Traendo le redini, Lugorio forzò il suo pomellato a rallentare il passo, costringendo i tre uomini a cui fungeva da guida a fare altrettanto. «Ecco!» annunciò additando al gruppo una striscia di boscaglia che spezzava la monotona distesa dell’erba piegata dal vento. «La torbiera comincia laggiù, oltre quegli alberi.»
Valerio Metronio Stabiano gettò un’occhiata preoccupata alla cupa nuvolaglia che si andava rapidamente addensando sulle loro teste, quindi sollecitò in tono brusco il liberto e diede di sprone: «E allora affrettiamoci.

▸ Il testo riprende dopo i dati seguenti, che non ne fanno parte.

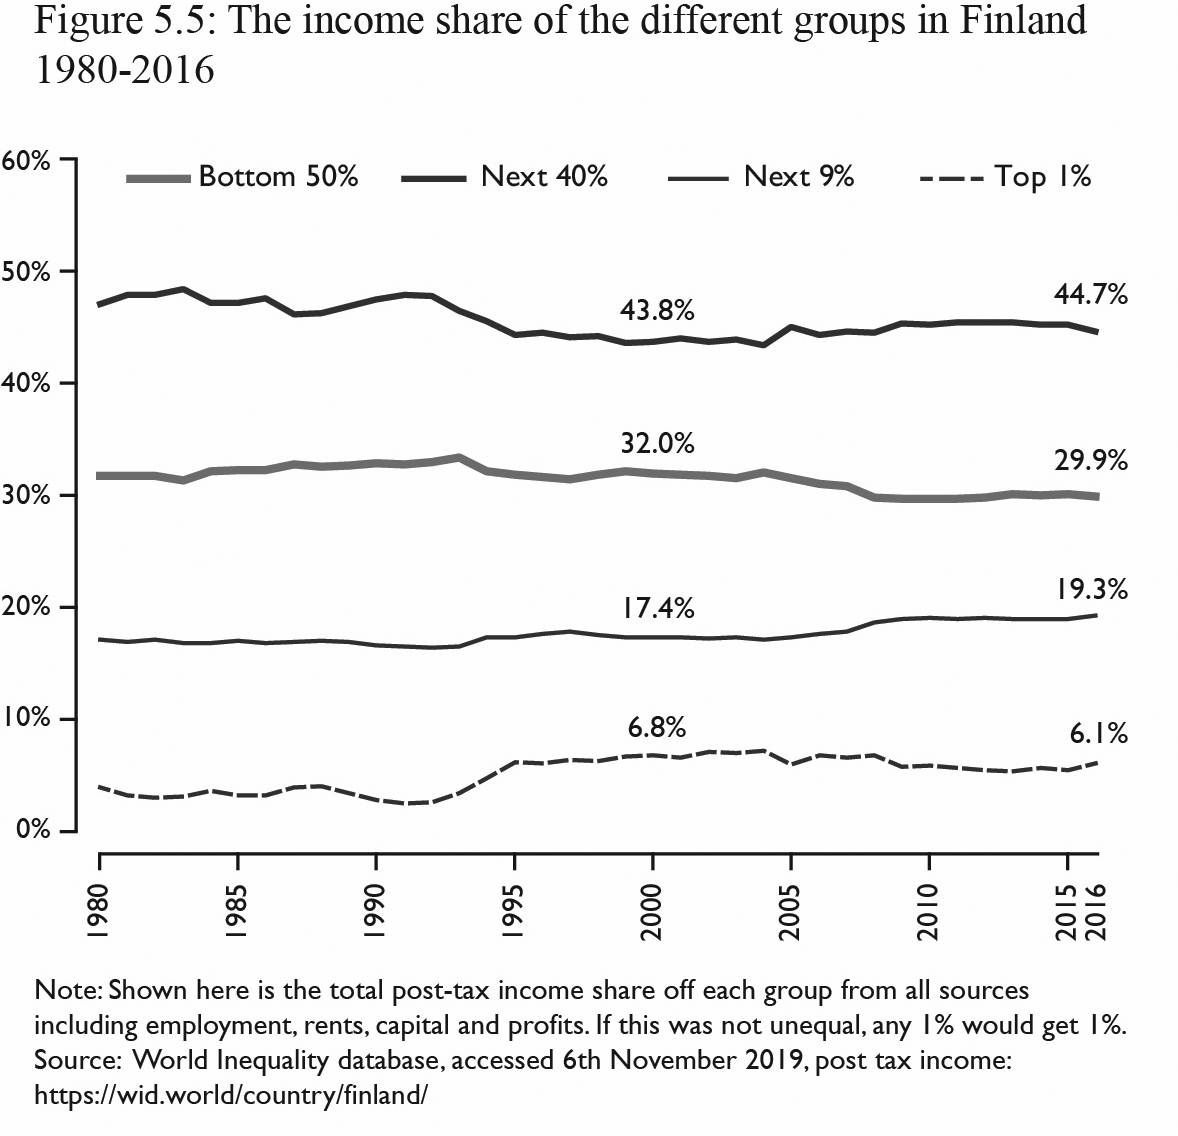 Figure 5.5: Note: Shown here is the total post-tax income share of each group from all sources including employment, rents, capital and profits. If this was not unequal, any 1% would get 1%. Source: World Inequality database, accessed 6th November 2019, post tax income, https://wid.world/country/finland/
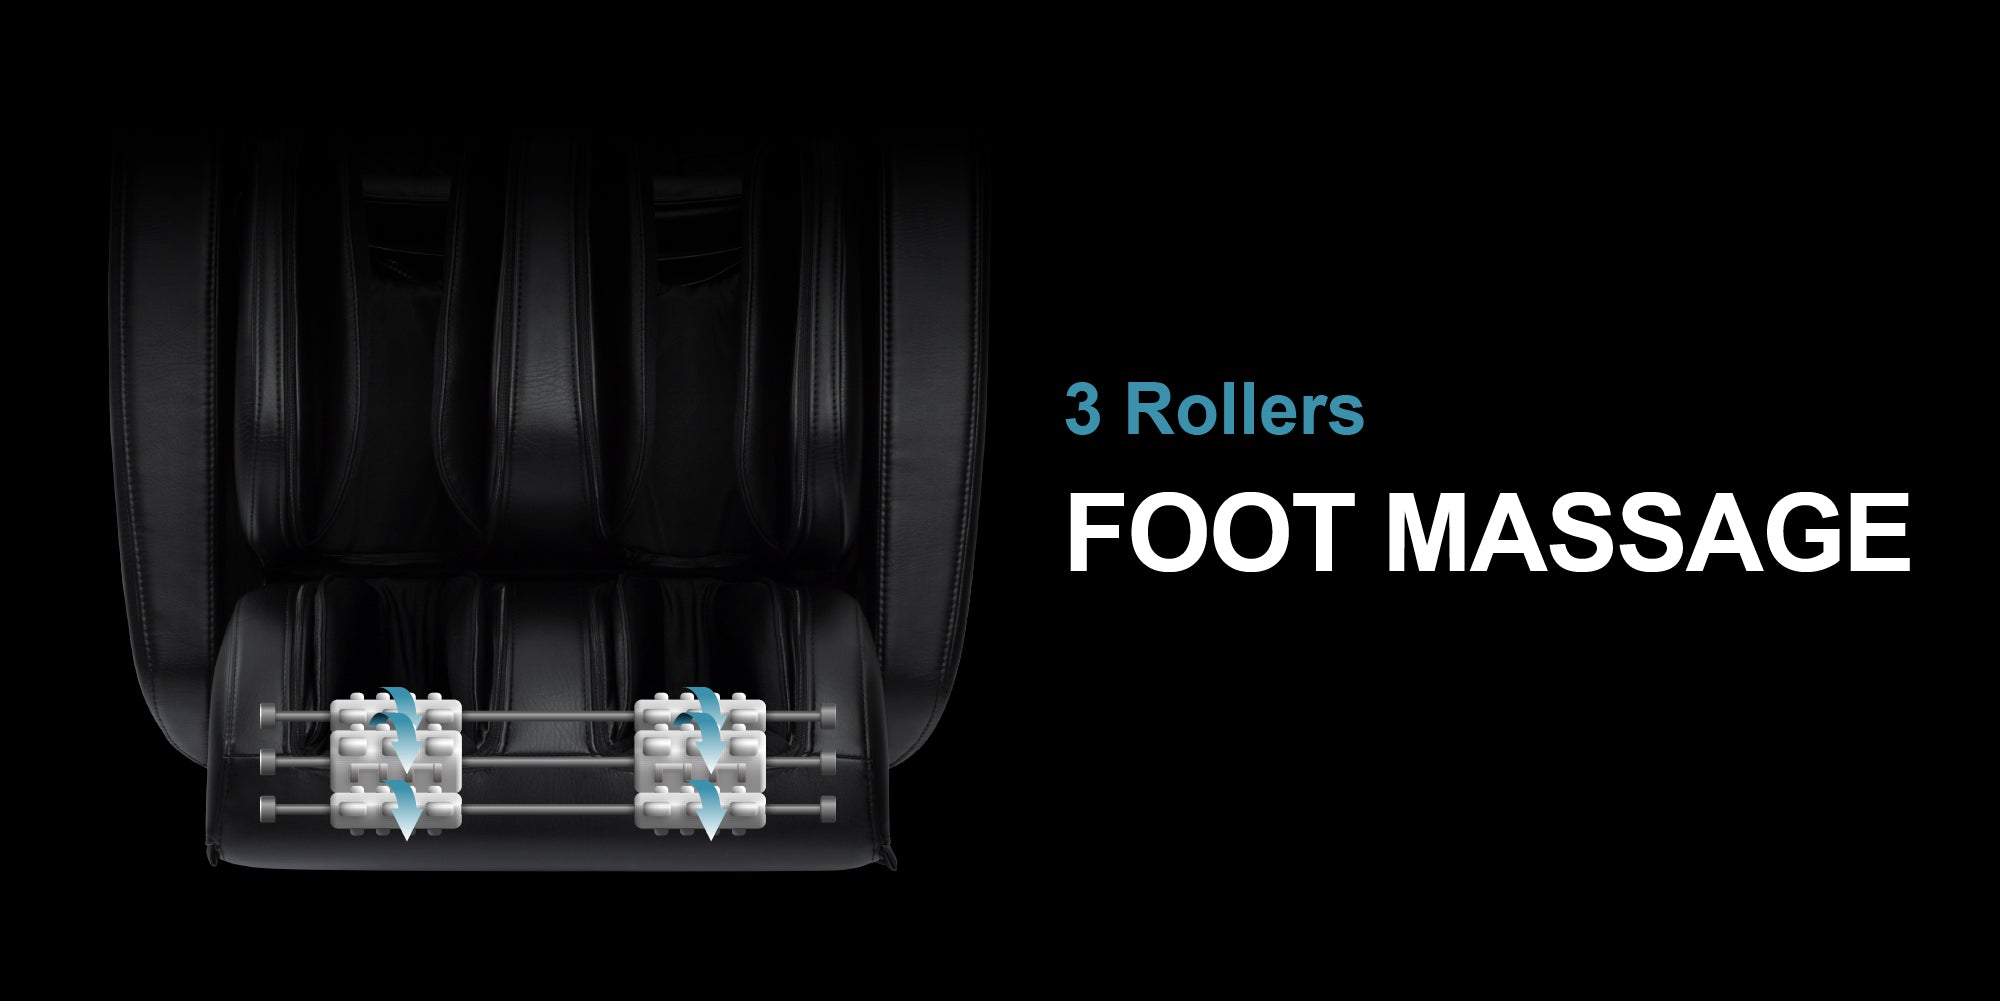 3 Rollers Foot Massage

Abbiamo poco più di un’ora di luce e oltretutto sta per piovere».
Quella giornata si era rivelata per lui sgradevole fin dal mattino, che lo aveva visto oppresso dalle noie derivanti dalla proprietà: dapprima l’appianamento di una lite fra due fittavoli della quale Lucio Emilio, il suo anziano intendente, non aveva saputo venire a capo; poi, gli era toccato accertare quanto a rilento stesse procedendo il lavoro degli schiavi che aveva incaricato di riparare il tetto di uno dei magazzini integrati nel complesso di Villa Metronia, sfondato pochi giorni prima da un nubifragio. Incombenze, entrambe, per il cui disbrigo aveva poca inclinazione ma dalle quali non poteva esimersi. Ma a rovinargli definitivamente la giornata era stato proprio Lugorio, che dopo aver galoppato a rotta di collo fino alla villa, aveva portato l’annuncio del ritrovamento dei corpi di tre uomini nella torbiera di cui era il soprastante.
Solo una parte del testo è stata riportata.